Required action: Your task is to give the listing below back word for word, pictures excluded.

Dataset section:
────────
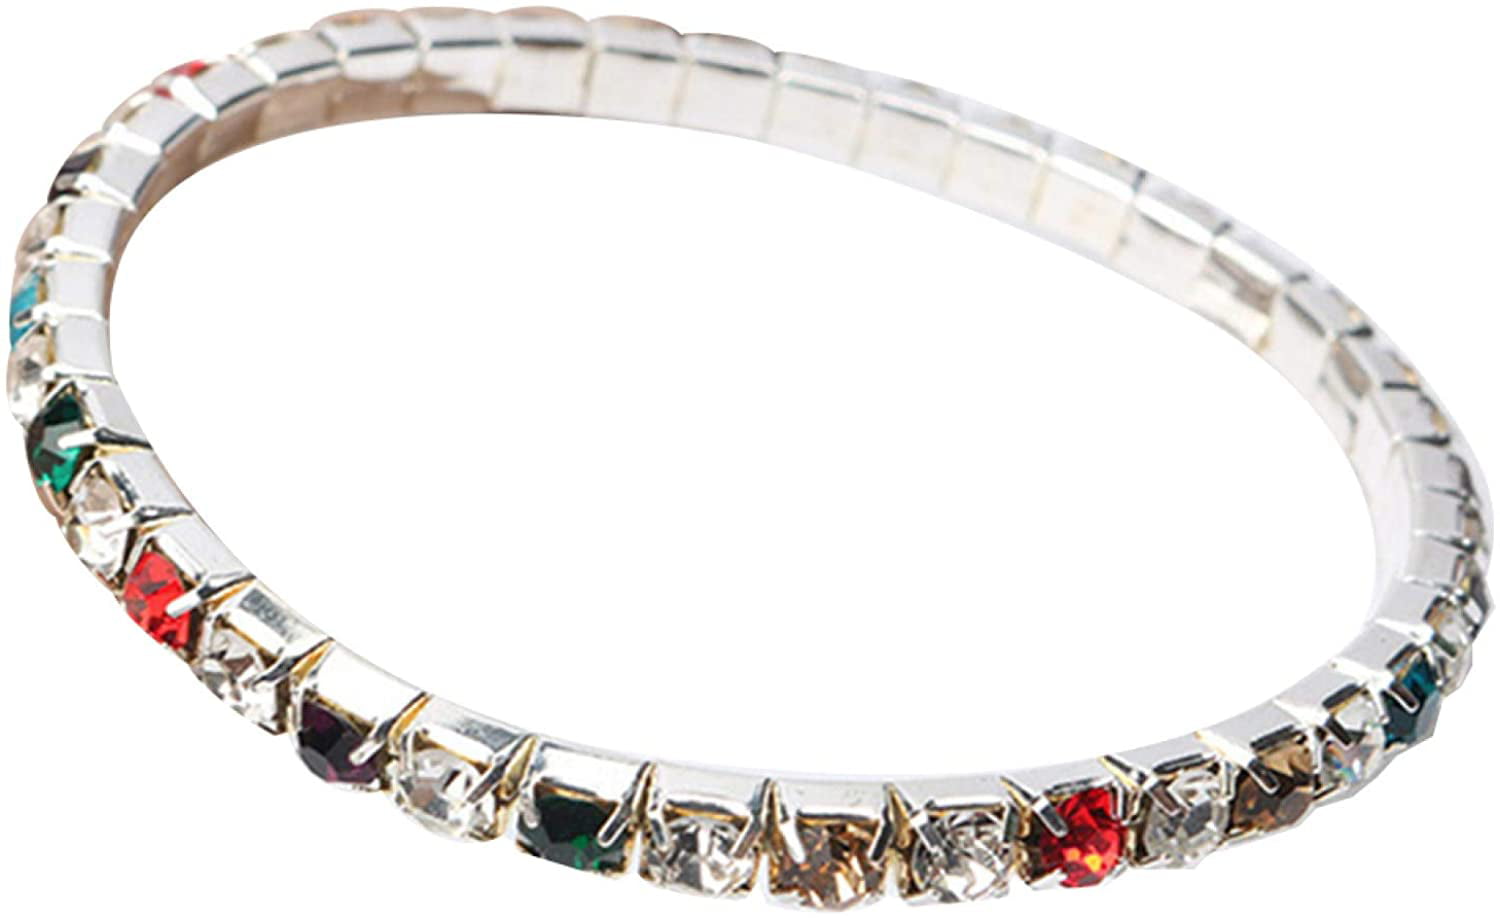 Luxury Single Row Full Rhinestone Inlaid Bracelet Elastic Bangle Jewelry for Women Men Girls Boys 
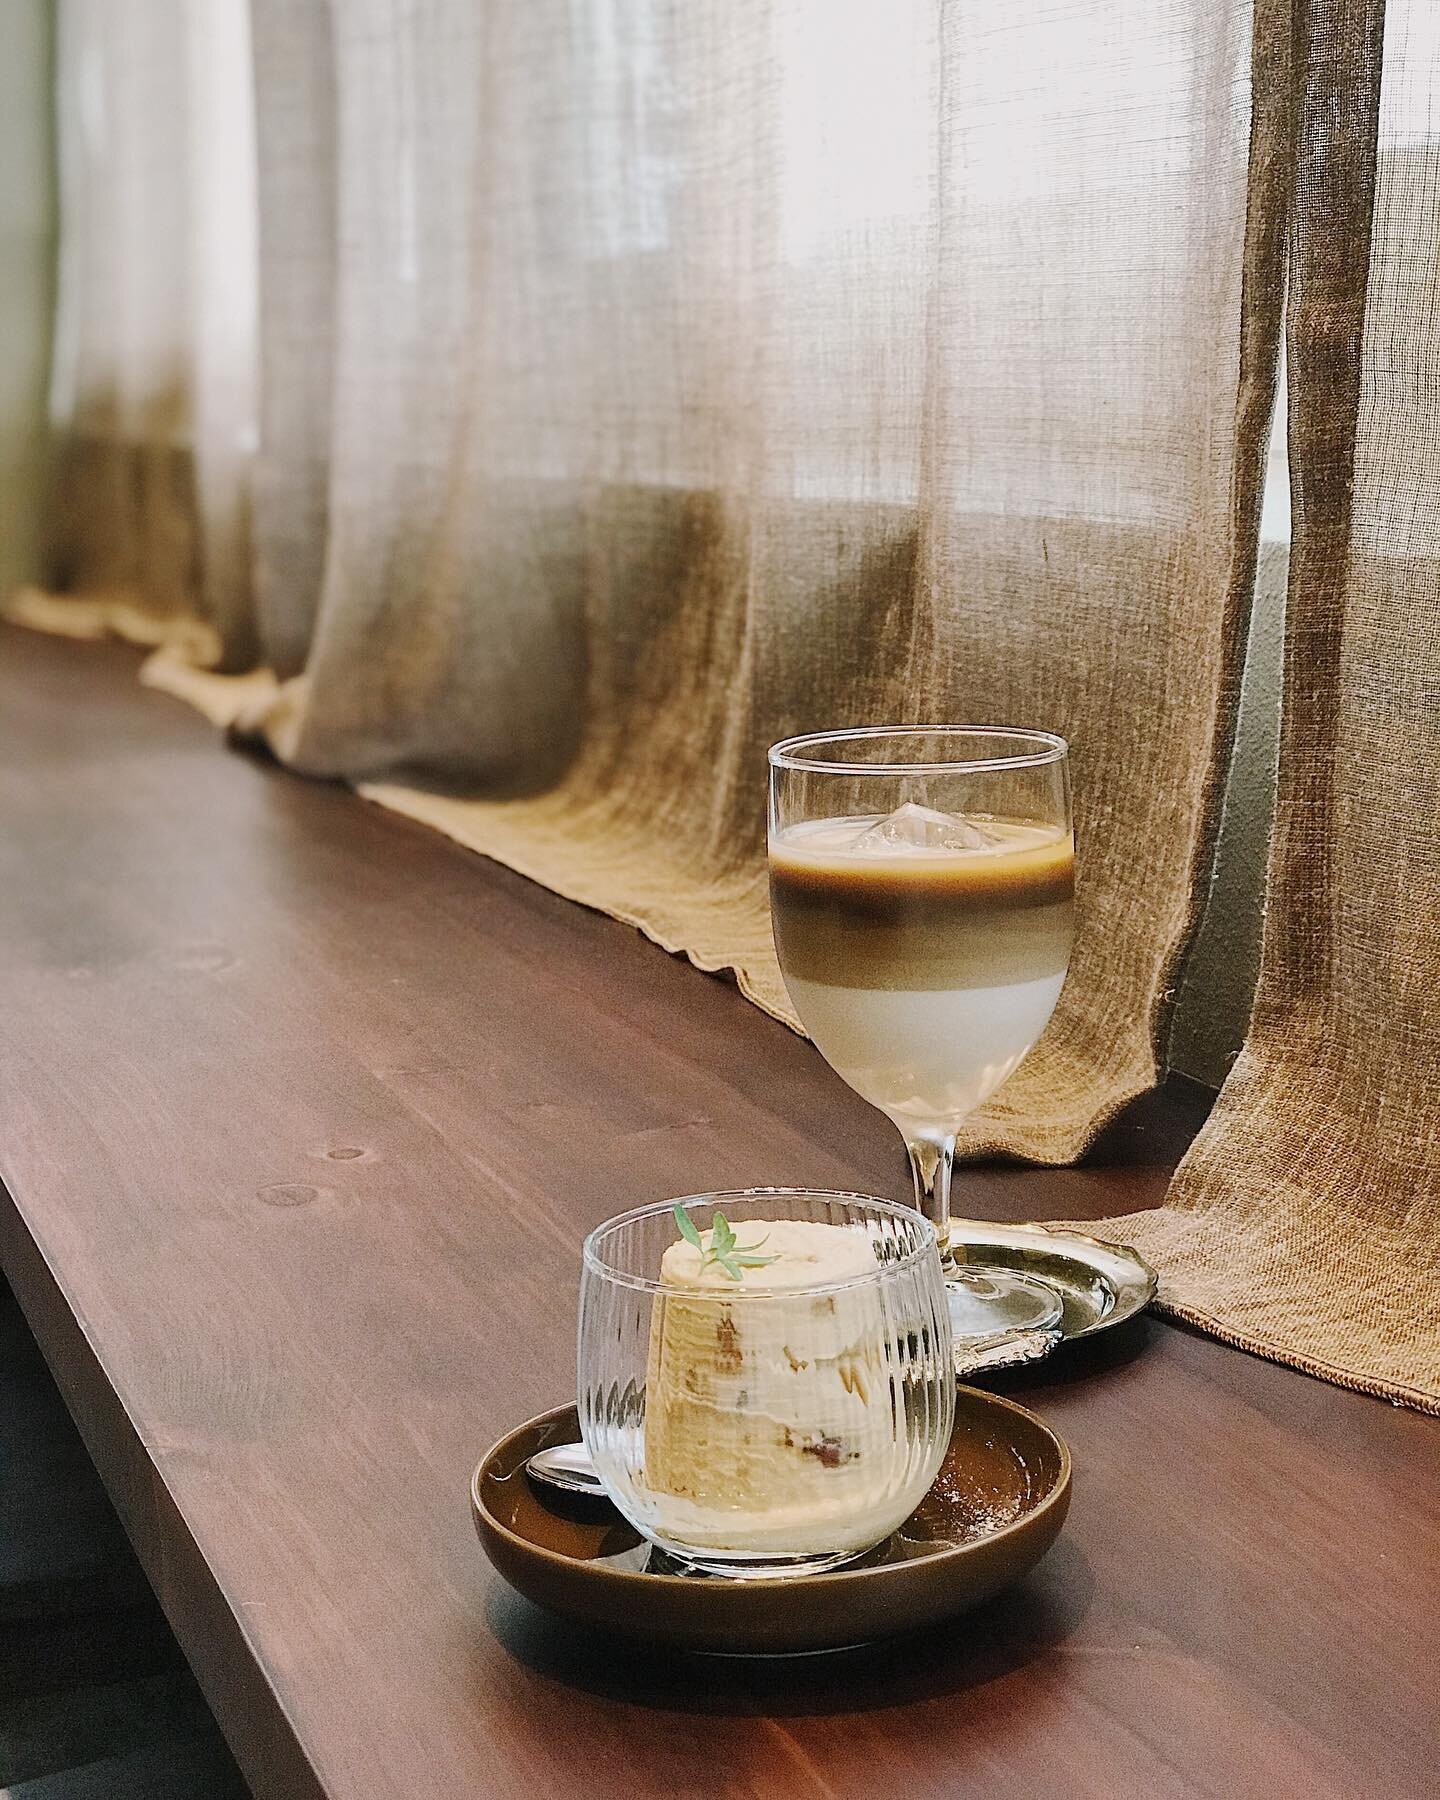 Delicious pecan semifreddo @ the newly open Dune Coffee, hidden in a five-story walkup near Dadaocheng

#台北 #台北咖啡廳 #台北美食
────────
Reply to the exercise:
 Luxury Single Row Full Rhinestone Inlaid Bracelet Elastic Bangle Jewelry for Women Men Girls Boys 
 Delicious pecan semifreddo @ the newly open Dune Coffee, hidden in a five-story walkup near Dadaocheng

#台北 #台北咖啡廳 #台北美食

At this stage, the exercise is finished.